Preheat the oven to 400°F and line a 9x13” baking sheet with parchment paper.
Add the potatoes to the sheet pan and toss with 2 tbsp oil, ½ tsp salt, ¼ tsp pepper, ½ tsp paprika, ½ tsp garlic powder, and ½ tsp onion powder. Roast for 20 minutes, or until the potatoes begin to soften and lightly brown.
While the potatoes cook, season the salmon with ¼ tsp salt, ¼ tsp pepper, and the remaining paprika, garlic powder, and onion powder. Set aside. 4. In a small bowl, whisk together the maple syrup, Dijon mustard, lemon juice, optional red pepper flakes, and ¼ tsp salt to make the glaze.
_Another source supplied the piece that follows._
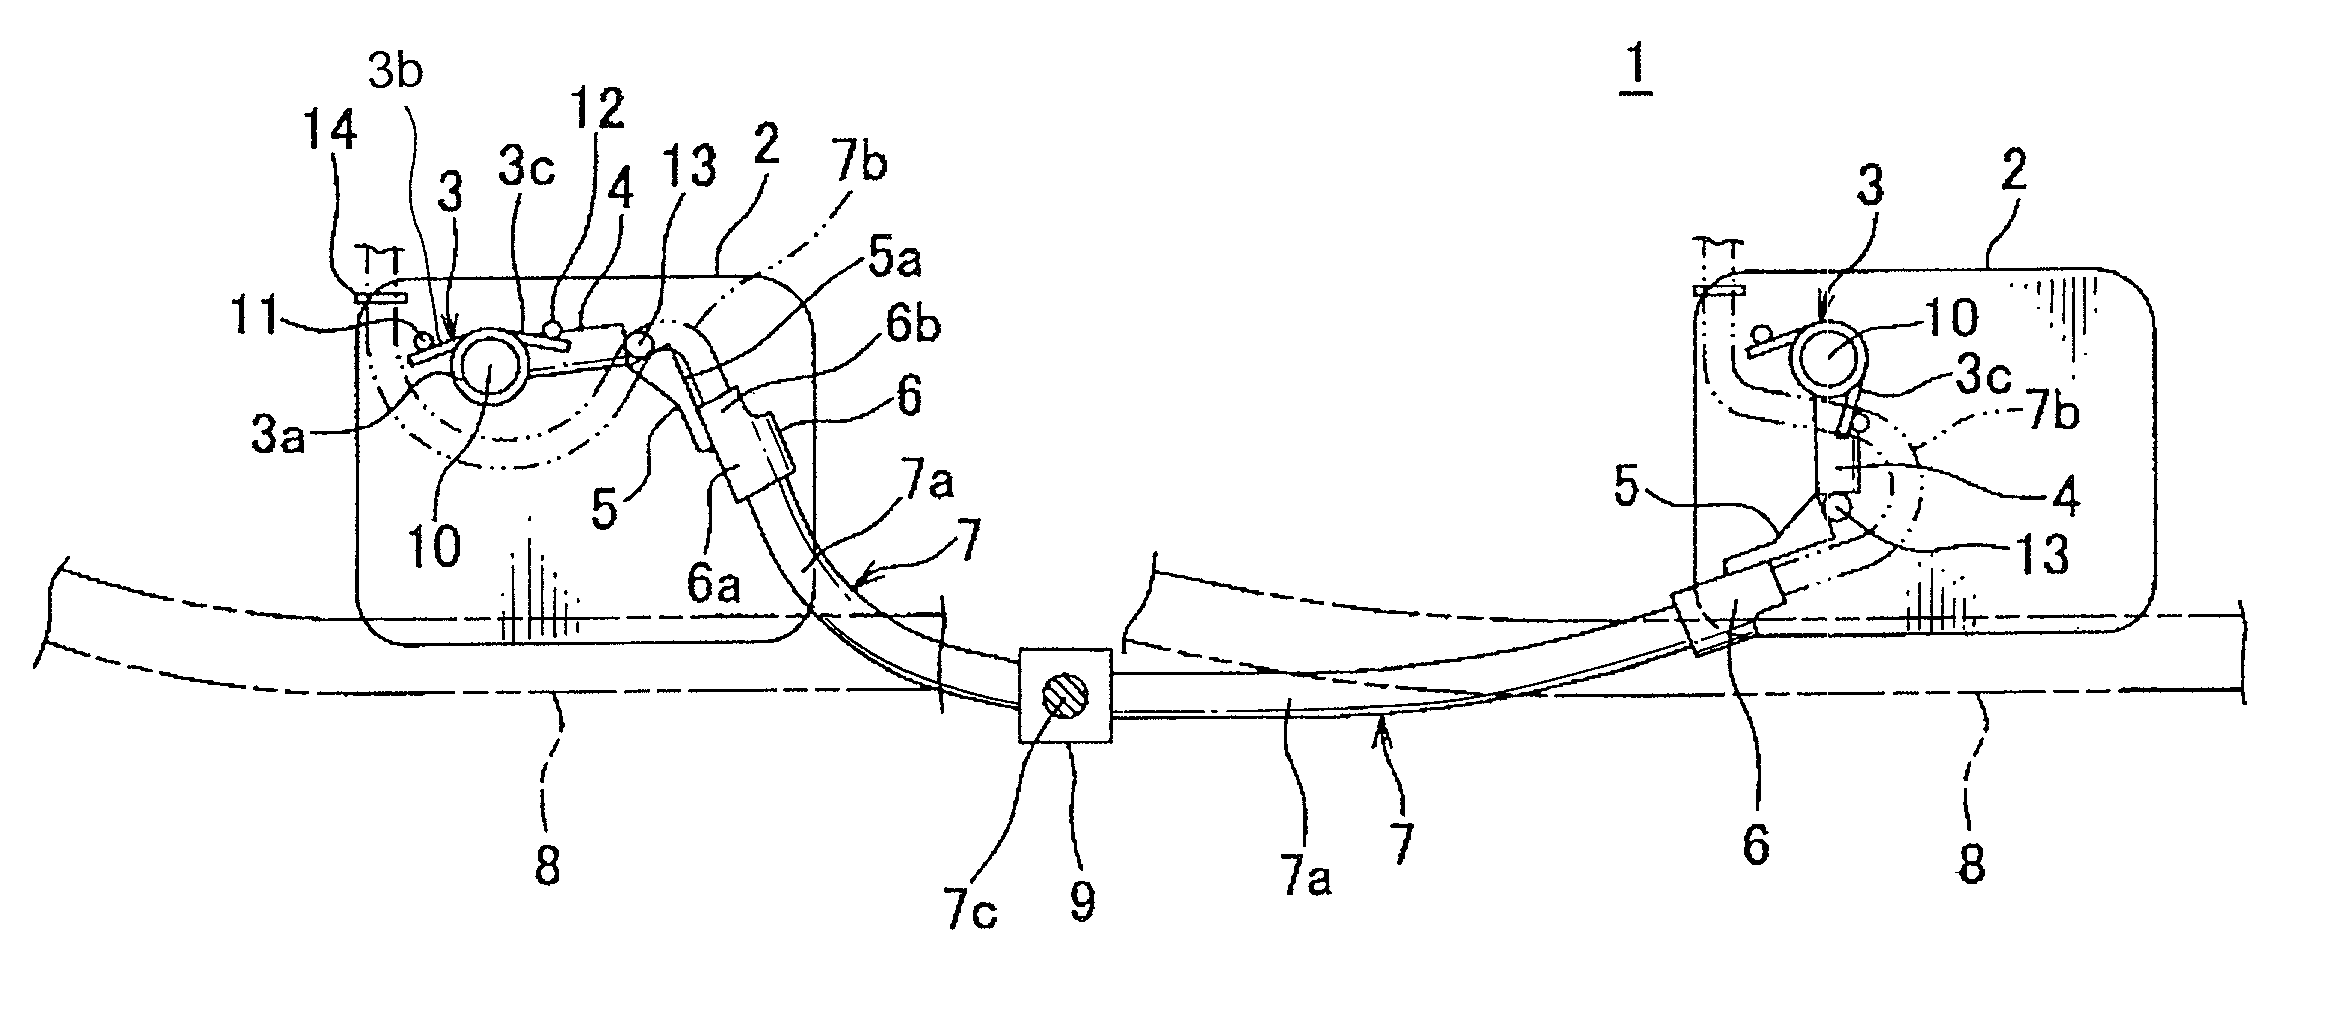 Power supply apparatus for slidable structure

Remove the potatoes from the oven and push them to one-third of the pan. Add the green beans and tomatoes to the center third, drizzle with the remaining 1 tbsp oil, and season with the remaining salt and pepper. Toss to coat.
Place the salmon fillets on the final third of the pan and brush generously with the maple glaze, reserving some for later.
Return the sheet pan to the oven and bake for 12–15 minutes, or until the salmon flakes easily with a fork.
Brush the salmon with the remaining glaze, then broil for 1–2 minutes, watching closely to prevent burning.
Garnish with fresh parsley and serve warm.